- [EXERCISE]
Both the line below containing "Teacher using digital" and the line containing "Grosso FutaCome - Fushigiboshi", along with every line between them, should be repeated exactly; no other line belongs in the answer.

[Data records]
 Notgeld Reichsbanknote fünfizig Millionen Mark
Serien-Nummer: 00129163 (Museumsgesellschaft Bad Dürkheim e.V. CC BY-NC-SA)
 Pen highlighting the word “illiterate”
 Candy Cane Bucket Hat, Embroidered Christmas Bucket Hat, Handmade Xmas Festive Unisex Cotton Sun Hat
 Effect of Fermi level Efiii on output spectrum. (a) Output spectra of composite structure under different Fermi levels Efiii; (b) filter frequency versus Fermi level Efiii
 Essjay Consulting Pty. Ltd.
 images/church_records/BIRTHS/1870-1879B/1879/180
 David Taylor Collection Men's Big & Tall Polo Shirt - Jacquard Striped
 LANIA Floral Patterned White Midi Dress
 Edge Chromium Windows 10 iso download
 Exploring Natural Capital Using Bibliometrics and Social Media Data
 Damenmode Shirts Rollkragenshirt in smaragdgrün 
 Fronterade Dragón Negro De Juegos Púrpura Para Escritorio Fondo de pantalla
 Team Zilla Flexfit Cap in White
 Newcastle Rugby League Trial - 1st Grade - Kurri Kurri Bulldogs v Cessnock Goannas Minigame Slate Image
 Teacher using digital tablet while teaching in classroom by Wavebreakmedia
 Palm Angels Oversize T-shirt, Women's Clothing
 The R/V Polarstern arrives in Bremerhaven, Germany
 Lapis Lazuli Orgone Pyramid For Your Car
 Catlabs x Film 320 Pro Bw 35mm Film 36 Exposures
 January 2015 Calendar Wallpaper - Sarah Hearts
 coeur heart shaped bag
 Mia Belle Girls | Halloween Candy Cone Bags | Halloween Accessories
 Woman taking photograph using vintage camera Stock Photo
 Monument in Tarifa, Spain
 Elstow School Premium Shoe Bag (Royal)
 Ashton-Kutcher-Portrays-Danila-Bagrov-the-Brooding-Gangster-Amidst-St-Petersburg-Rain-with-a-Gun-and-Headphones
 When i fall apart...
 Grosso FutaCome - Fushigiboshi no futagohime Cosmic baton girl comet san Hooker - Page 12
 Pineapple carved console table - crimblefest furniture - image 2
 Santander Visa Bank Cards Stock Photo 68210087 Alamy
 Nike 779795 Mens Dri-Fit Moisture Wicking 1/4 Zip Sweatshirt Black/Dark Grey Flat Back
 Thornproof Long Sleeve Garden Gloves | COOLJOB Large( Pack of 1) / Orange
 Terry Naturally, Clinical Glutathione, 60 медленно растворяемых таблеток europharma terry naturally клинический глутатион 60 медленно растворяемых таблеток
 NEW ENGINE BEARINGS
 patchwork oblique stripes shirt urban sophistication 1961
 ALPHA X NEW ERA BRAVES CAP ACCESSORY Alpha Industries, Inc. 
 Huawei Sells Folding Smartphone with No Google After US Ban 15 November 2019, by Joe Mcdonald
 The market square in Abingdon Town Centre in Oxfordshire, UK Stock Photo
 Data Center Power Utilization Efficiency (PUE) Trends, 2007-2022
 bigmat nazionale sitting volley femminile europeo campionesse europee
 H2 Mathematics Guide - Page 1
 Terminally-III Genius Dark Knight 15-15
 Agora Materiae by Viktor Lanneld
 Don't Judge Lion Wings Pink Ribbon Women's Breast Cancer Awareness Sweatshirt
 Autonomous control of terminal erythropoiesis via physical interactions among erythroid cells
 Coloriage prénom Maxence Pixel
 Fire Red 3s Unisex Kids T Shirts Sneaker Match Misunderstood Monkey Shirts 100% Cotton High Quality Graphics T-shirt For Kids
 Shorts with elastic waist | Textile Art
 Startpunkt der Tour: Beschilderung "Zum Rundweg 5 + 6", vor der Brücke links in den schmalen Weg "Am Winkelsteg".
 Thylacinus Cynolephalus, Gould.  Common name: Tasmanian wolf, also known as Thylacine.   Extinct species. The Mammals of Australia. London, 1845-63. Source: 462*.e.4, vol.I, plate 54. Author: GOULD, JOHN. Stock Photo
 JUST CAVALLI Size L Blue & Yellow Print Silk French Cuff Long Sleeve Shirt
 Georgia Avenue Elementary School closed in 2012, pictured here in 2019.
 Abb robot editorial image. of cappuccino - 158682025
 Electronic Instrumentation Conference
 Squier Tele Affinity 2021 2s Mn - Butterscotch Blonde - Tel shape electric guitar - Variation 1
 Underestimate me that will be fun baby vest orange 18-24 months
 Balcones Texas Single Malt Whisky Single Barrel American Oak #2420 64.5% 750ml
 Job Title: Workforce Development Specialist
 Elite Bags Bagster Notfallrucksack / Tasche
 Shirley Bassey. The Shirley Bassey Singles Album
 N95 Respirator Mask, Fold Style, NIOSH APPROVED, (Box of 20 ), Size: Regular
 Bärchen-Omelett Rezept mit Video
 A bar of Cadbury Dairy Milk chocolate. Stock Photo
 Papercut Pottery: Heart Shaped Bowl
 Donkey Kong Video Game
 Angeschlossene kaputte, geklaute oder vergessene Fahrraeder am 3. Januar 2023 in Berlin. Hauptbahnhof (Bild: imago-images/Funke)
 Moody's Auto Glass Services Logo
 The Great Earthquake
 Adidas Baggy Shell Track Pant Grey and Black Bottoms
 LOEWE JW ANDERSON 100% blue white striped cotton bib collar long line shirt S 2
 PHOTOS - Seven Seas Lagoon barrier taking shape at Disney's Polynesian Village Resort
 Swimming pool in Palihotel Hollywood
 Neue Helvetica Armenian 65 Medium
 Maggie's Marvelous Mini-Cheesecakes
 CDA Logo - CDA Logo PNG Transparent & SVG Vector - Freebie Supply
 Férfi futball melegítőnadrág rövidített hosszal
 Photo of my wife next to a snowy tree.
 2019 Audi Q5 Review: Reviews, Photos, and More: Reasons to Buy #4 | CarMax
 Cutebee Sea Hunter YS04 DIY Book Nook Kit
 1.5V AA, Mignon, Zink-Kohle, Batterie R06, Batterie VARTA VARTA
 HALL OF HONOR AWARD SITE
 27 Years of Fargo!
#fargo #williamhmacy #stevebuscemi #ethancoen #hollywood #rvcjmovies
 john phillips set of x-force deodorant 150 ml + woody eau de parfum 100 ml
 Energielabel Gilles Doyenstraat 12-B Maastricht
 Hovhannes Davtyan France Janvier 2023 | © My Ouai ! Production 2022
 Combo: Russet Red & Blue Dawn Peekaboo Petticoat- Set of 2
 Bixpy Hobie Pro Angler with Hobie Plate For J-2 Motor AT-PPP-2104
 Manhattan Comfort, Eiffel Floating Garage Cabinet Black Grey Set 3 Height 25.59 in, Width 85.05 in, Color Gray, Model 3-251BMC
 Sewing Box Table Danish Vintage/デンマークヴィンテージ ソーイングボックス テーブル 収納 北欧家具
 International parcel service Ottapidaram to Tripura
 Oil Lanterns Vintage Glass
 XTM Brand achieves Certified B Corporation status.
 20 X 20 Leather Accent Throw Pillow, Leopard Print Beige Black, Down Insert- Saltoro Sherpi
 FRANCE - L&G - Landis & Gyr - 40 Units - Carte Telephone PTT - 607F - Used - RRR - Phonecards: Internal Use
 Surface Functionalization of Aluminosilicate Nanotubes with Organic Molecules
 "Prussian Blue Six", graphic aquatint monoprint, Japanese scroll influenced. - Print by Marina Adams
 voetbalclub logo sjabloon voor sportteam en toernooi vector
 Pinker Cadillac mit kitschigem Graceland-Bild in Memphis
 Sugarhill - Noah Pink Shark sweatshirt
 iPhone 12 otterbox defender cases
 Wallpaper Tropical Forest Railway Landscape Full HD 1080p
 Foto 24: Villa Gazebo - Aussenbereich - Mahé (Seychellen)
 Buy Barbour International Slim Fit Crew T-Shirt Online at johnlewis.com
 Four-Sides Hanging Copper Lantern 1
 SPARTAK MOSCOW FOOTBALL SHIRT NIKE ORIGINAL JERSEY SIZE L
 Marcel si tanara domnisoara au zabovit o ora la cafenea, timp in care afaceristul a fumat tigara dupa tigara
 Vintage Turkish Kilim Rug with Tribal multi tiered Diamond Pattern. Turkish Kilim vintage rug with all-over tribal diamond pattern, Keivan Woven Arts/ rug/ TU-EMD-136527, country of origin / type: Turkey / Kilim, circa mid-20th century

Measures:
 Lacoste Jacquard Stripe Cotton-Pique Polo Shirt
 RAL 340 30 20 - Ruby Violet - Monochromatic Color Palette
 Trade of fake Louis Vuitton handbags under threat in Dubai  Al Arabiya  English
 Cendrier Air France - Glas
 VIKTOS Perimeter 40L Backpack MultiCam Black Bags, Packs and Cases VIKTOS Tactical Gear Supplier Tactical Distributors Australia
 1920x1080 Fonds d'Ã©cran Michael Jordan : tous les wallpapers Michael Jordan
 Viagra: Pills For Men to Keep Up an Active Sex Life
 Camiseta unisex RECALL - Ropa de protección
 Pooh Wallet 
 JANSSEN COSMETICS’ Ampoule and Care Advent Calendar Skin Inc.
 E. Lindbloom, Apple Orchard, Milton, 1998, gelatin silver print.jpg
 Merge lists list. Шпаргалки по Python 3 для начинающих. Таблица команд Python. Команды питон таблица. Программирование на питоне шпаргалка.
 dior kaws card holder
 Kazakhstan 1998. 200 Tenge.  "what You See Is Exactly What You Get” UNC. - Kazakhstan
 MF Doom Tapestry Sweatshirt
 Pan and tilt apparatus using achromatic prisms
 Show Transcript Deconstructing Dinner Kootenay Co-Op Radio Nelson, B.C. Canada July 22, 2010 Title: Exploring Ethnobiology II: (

- [SOLUTION TO THIS EXERCISE]
 Teacher using digital tablet while teaching in classroom by Wavebreakmedia
 Palm Angels Oversize T-shirt, Women's Clothing
 The R/V Polarstern arrives in Bremerhaven, Germany
 Lapis Lazuli Orgone Pyramid For Your Car
 Catlabs x Film 320 Pro Bw 35mm Film 36 Exposures
 January 2015 Calendar Wallpaper - Sarah Hearts
 coeur heart shaped bag
 Mia Belle Girls | Halloween Candy Cone Bags | Halloween Accessories
 Woman taking photograph using vintage camera Stock Photo
 Monument in Tarifa, Spain
 Elstow School Premium Shoe Bag (Royal)
 Ashton-Kutcher-Portrays-Danila-Bagrov-the-Brooding-Gangster-Amidst-St-Petersburg-Rain-with-a-Gun-and-Headphones
 When i fall apart...
 Grosso FutaCome - Fushigiboshi no futagohime Cosmic baton girl comet san Hooker - Page 12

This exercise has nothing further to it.